Jon Clements joncle at googlemail.com
Sat Mar 13 20:02:44 CET 2010


On 13 Mar, 17:42, Jack Diederich <jackd... at gmail.com> wrote:
> On Sat, Mar 13, 2010 at 12:10 PM, Jon Clements <jon... at googlemail.com> wrote:
> > On 13 Mar, 16:42, Jack Diederich <jackd... at gmail.com> wrote:
> >> On Sat, Mar 13, 2010 at 11:19 AM, Jon Clements <jon... at googlemail.com> wrote:
> >> > This is semi-experimental and I'd appreciate opinions of whether it's
> >> > the correct design approach or not. It seems like a good idea, but it
> >> > doesn't mean it is.
>
> >> > I have a class 'A', this provides standard support functions and
> >> > exception handling.
> >> > I have 'B' and 'C' which specialise upon 'A'
>
> >> > What I'd like to achieve is something similar to:
>
> >> > @inject(B):
> >> >  def some_function(a, b):
> >> >     pass # something useful
>
> >> > The name 'some_function' is completely redundant -- don't need it,
> >> > don't actually care about the function afterwards, as long as it
> >> > becomes a __call__ of a 'B' *instance*.
>
> >> > I've basically got a huge list of functions, which need to be the
> >> > callable method of an object, and possibly at run-time, so I don't
> >> > want to do:
>
> >> > class Something(B):
> >> >    def __call__(self, etc.. etc...):
> >> >         pass # do something
>
> >> > I've got as far as type(somename, (B,), {}) -- do I then __init__ or
> >> > __new__ the object or...
>
> >> > In short, the function should be the __call__ method of an object that
> >> > is already __init__'d with the function arguments -- so that when the
> >> > object is called, I get the result of the the function (based on the
> >> > objects values).
>
> >> I'm not sure exactly what you are asking for, but if what you want is
> >> a bunch of different objects that vary only by their class's __call__
> >> you could do it with a function that returns a new class based on A
> >> but with a new __call__:
>
> >> def make_new_call_class(base_class, call_func):
> >>   class NewClass(base_class):
> >>     def __call__(self, *args, **kw):
> >>       return call_func(self, *args, *kw)
> >>   return NewClass
>
> >> or the return could even be NewClass() [return an instance] if this is
> >> a one off.
>
> >> That said, I'm not really sure what this behavior is good for.
>
> >> -Jack
>
> > Cheers Jack for the response.
>
> > The behaviour is to not derive from a class, but rather allow
> > the decorators to do so... so I would like to iterate over
> > a list of functions (don't care what they're called) and then
> > inject the function as a method. If needs be at run-time.
>
> > Say I have 1000 functions (okay, admittedly over quoted), but
> > I don't want every programmer to inherit from 'B' or 'C', but
> > to 'inject'. So the idea is that classes are pre-defined, have
> > predictable behaviour, *except* the __call__ is different.
>
> > You are correct in this. Why do I want that behaviour? ->
>
> > - It's easier, no inheriting from a class, when needs not.
> > - Some integrity (anyone can define a function and 'inject' to the
> > Management class)
> > - Easier maintainability - maybe :)
>
> > for i in function_list:
> >    i = inject(function_list)
>
> > At the end of the day:
> > def blah(x, y, z):
> >   pass
>
> > That should be the callable of the object.
>
> I'm still not sure why you are trying to do this, but you can do it
> with delegation.  Have the parent class's __call__ look for an
> instance attribute named call_this and then call it, ex/
>
> class A():
>   def __call__(self, *args, **kw):
>     self.call_this(*args, **kw)  # we grab this off the instance
>
> ob = A()
> def my_func(*stuff): pass
> ob.call_this = my_func
>
> -Jack

Jack, thanks very much for your replies -- hugely appreciated.

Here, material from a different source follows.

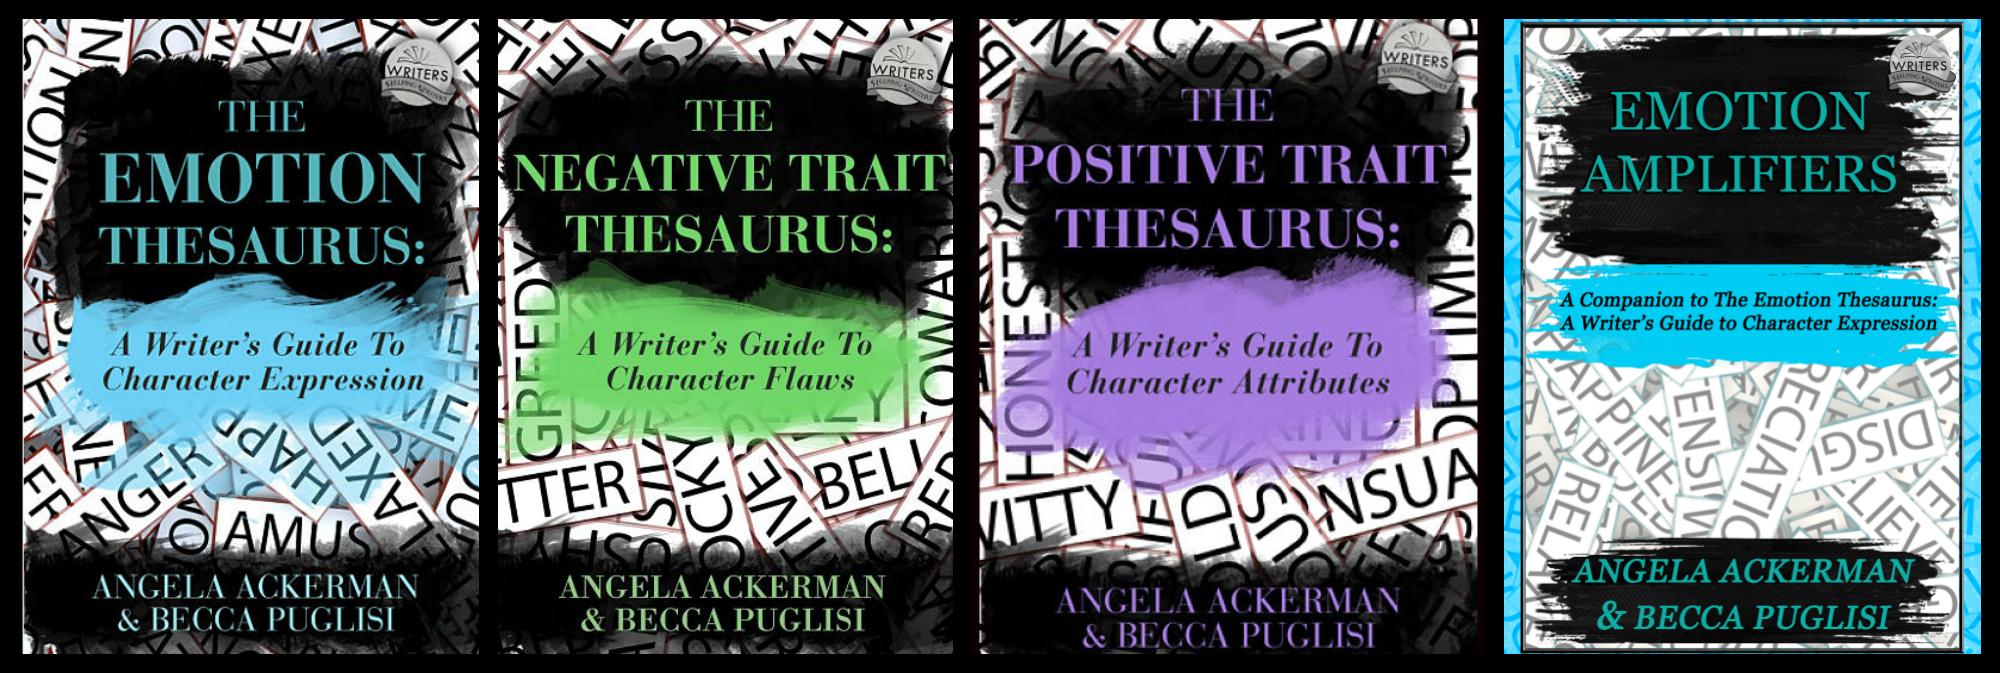 collage_4_Descriptive Thesaurus Books

I was delayed by the missus calling me for dinner - I'd forgotten
we had a stew going in the slow cooker, and she can't make
dumplings to save her life :)

If I can re-explain slightly, say I have a class 'compute':

class Compute(object):
    def __init__(self, something):
        self.something = something
    # misc other methods here.....

then...

class ComputeAdd(Compute):
    pass

If I do,

@inject
def ComputeAdd(fst, snd):
    return fst + snd

The end result should be a new class called ComputeAdd __init__'d with
fst and snd,
which when called, returns fst + snd.

Hope that makes sense.

Cheers,

Jon.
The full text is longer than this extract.